Abstract
Evidence suggests that the α4β2, but not the α7, subtype of the nicotinic acetylcholine receptor (nAChR) plays a key role in mediating the behavioral effects of nicotine and related drugs. However, the importance of other nAChR subtypes remains unclear. The present studies were conducted to examine the involvement of nAChR subtypes by determining the effects of selected nicotinic agonists and antagonists in squirrel monkeys either 1) responding for food reinforcement or 2) discriminating the nicotinic agonist (+)-epibatidine (0.001 mg/kg) from vehicle. In food-reinforcement studies, nicotine, (+)-epibatidine, varenicline and cytisine all produced dose-dependent decreases in rates of food-maintained responding.
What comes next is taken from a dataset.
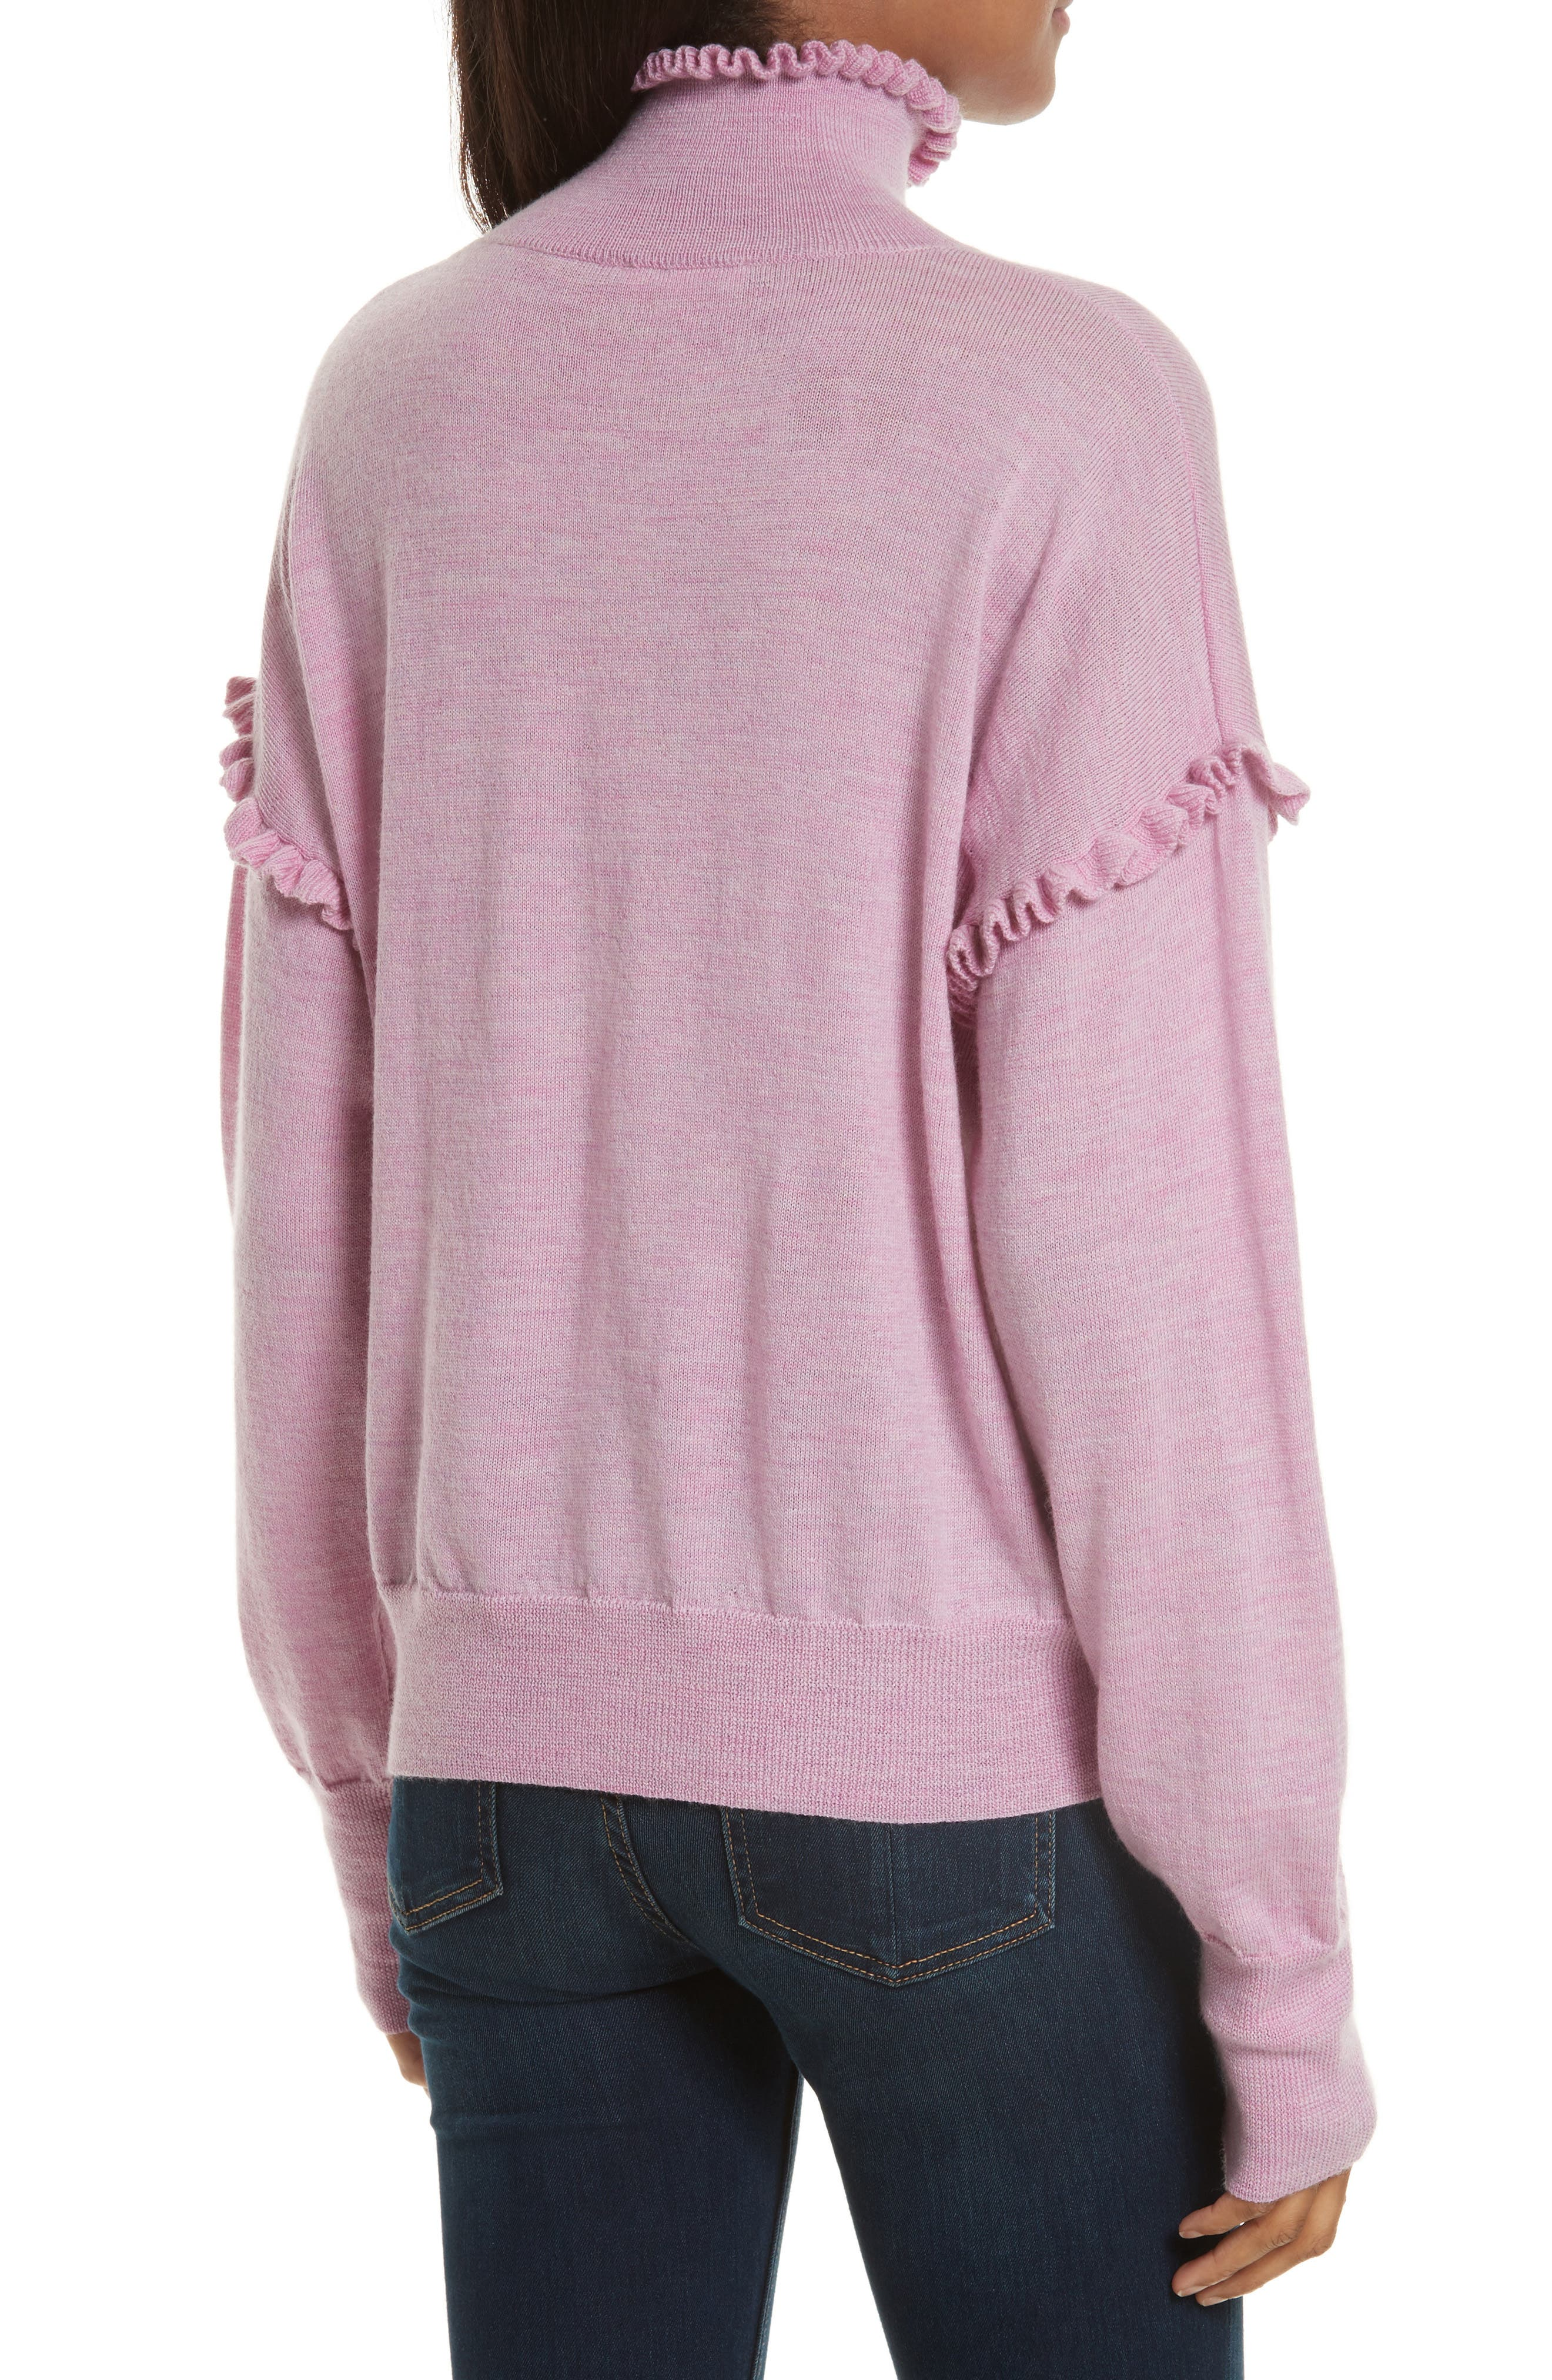 Turtleneck Merino Wool Sweater,                             Alternate thumbnail 2, color,                             691
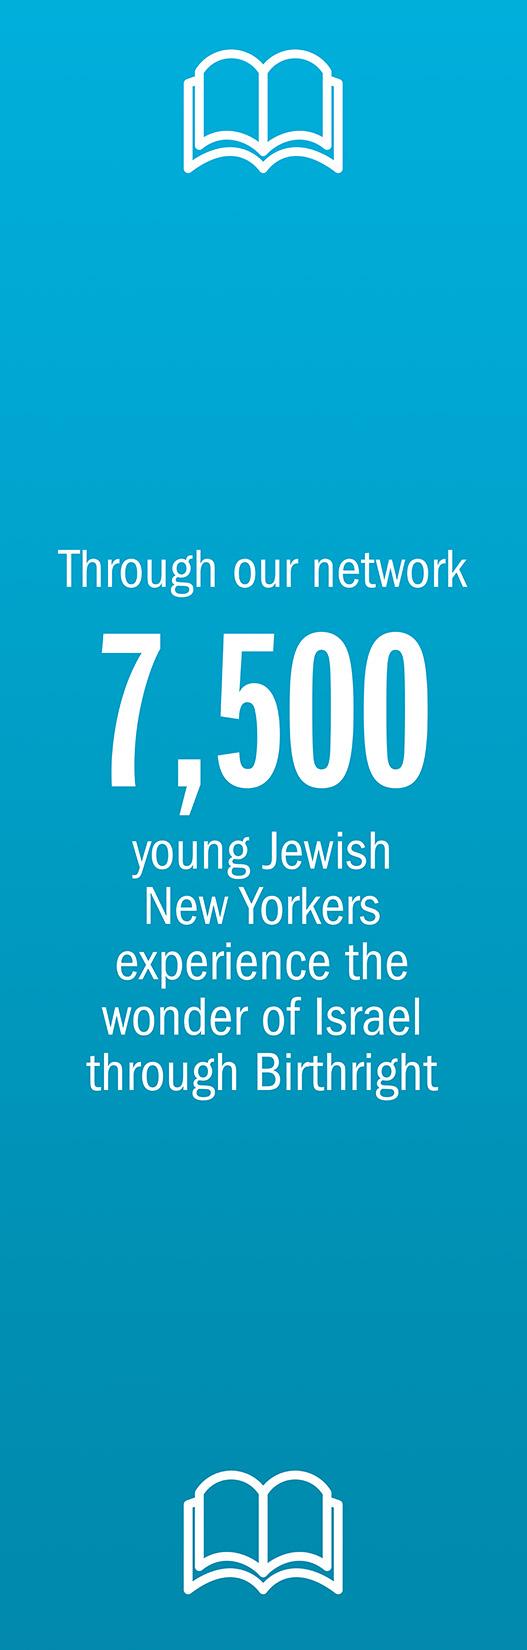 UJA Jewish Education Banner rev06 Side B.jpg

The rate-decreasing effects of nicotine were antagonized by mecamylamine (nonselective), not appreciably altered by dihydro-β-erythroidine (α4β2 selective), and exacerbated by the nicotinic partial agonists, varenicline and cytisine. Results from discrimination studies show that non-nicotinic drugs did not substitute for (+)-epibatidine, and that except for lobeline, the nicotinic agonists produced either full [(+)-epibatidine, (−)-epibatidine, and nicotine] or partial (varenicline, cytisine, anabaseine, and isoarecolone) substitution for (+)-epibatidine. In interaction studies with antagonists differing in selectivity, (+)-epibatidine discrimination was substantively antagonized by mecamylamine, slightly attenuated by hexamethonium (peripherally restricted) or dihydro-β-erythroidine, and not altered by methyllycaconitine (α7 selective). Varenicline and cytisine enhanced (+)-epibatidine’s discriminative-stimulus effects. Correlational analysis revealed a close correspondence between relative behavioral potencies of nicotinic agonists in both studies and their published relative binding affinities at α4β2 and α3β4, but not α7 nAChR, subtypes. Collectively, these results are consistent with the idea that the α4β2 and α3β4, but not α7 nAChR subtypes play a role in the behavioral effects of nicotinic agonists.
Footnotes
- Received January 27, 2018.
- Accepted May 17, 2018.
↵1 S.L.W and M.R.D contributed equally to this work.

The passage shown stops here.